Grant was chuckling to himself as one well pleased. In Courteney's eyes he looked stouter, more prosperous, more keenly business-like, than when he had spoken with him a few nights previously. He took Courteney by the arm and led him through a door at the side.

"Let 'em yell 'emselves hoarse for a bit!" he said. "Do 'em good. Guess my 'rose of the world' isn't going to be too cheap a commodity.... Which reminds me, sir. You've cost me a thousand English pounds by coming here to-night."

"Indeed?" Courteney spoke stiffly. He felt stiff, physically stiff, as one forcibly awakened from a deep slumber.

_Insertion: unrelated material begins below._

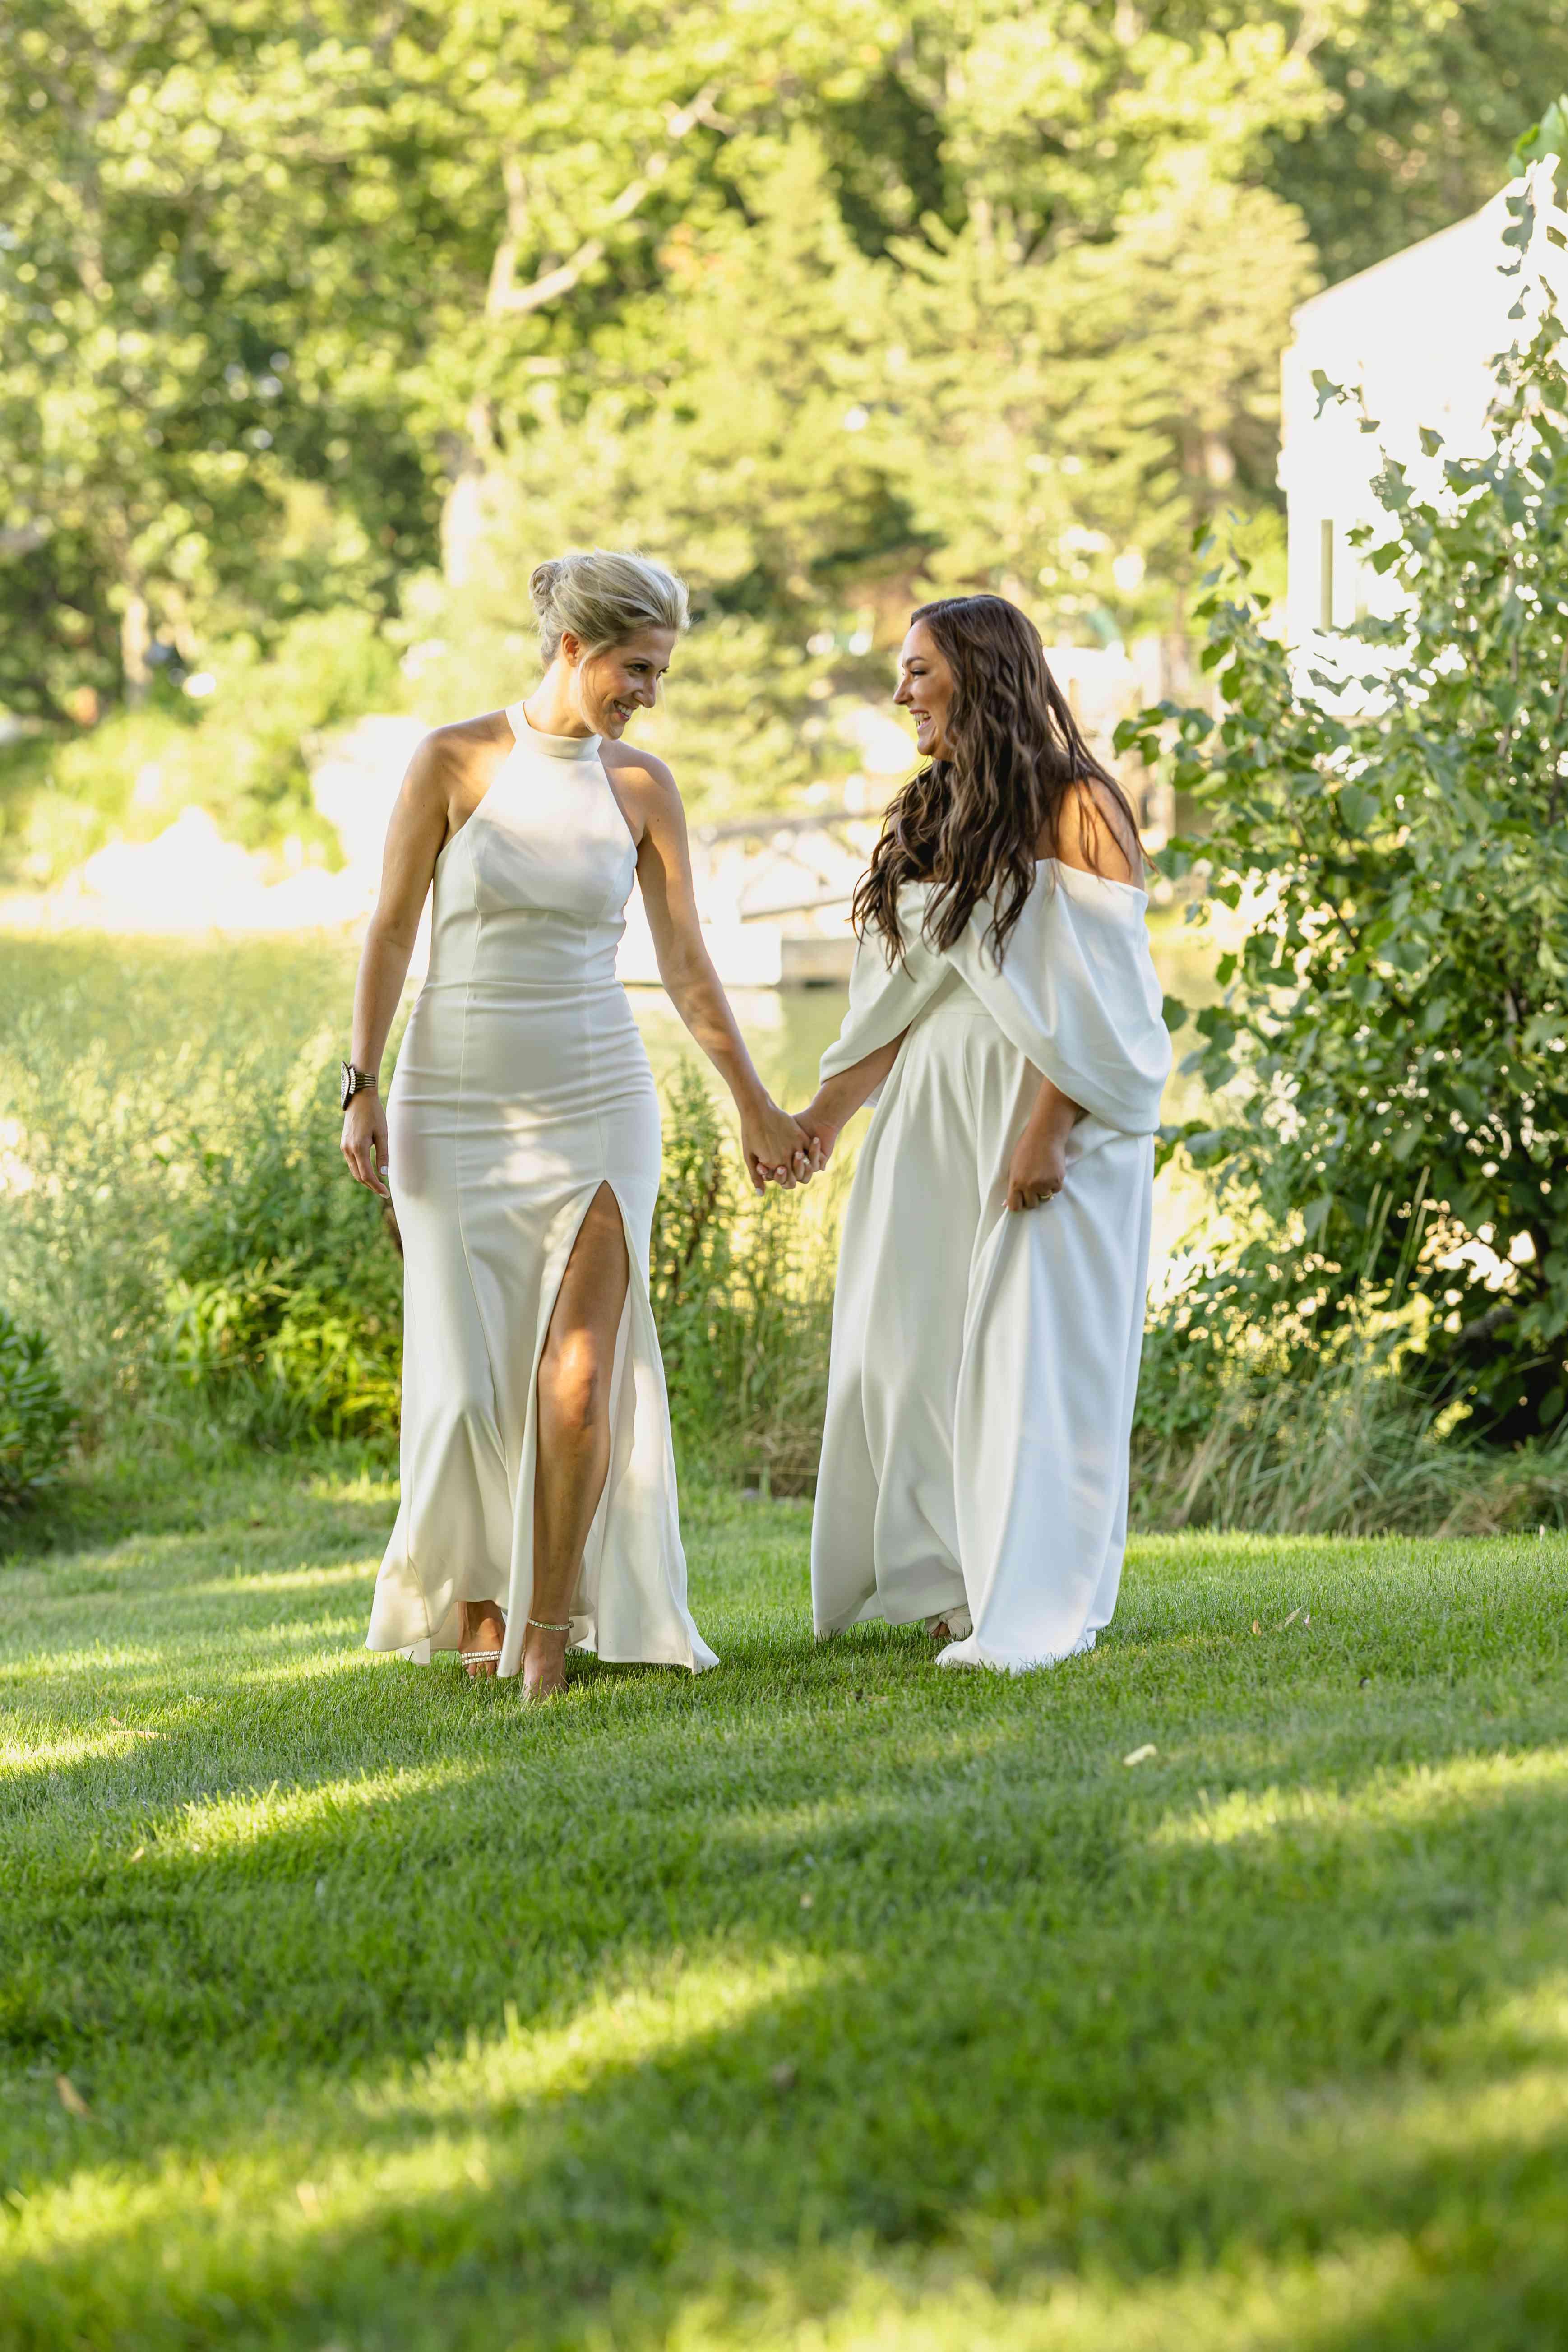 brides walking together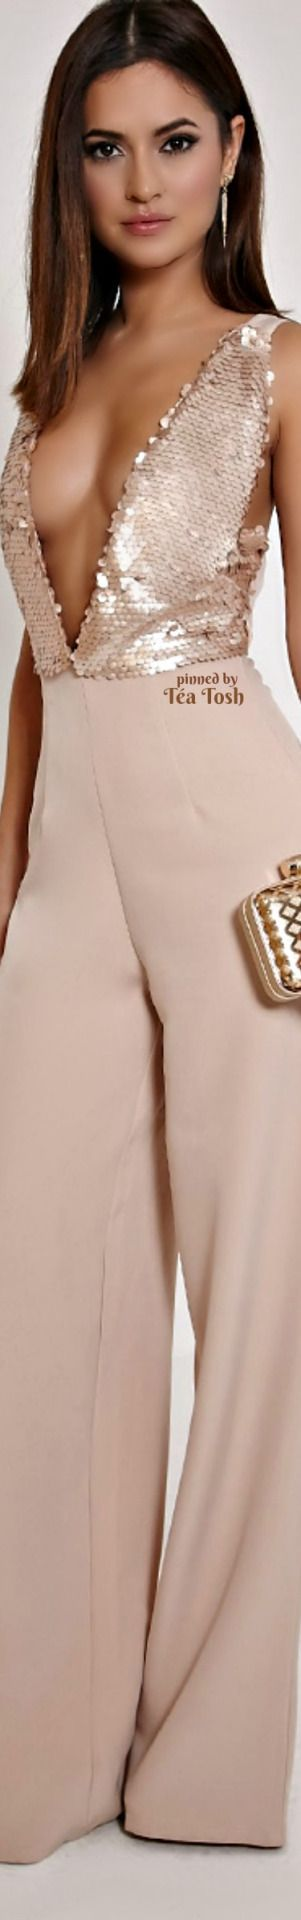 ❇Téa Tosh❇ Rose Gold Sequin Jumpsuit

The man beside him was still chuckling. "Yes. The little witch! Said she'd manage it somehow when I told her you weren't taking any. We had a thousand on it, and the little devil has won, outwitted us both. How in thunder did she do it? Laid a trap for you; what?"

Courteney did not answer. The stiffness was spreading. He felt as one turned to stone. Mechanically he yielded to the hand upon his arm, not speaking, scarcely thinking.

And then—almost before he knew it—he was in her presence, face to face with the golden vision that had caught and—for a space at least—had held his heart.

He bowed, still silent, still strangely bound and fettered by the compelling force.

A hand that was lithe and slender and oddly boyish came out to him. A voice that had in it sweet, lilting notes, like the voice of a laughing child, spoke his name.

"Mr. Courteney! How kind!" it said.

As from a distance he heard Grant speak. "Mr. Courteney, allow me to introduce you—my wife!"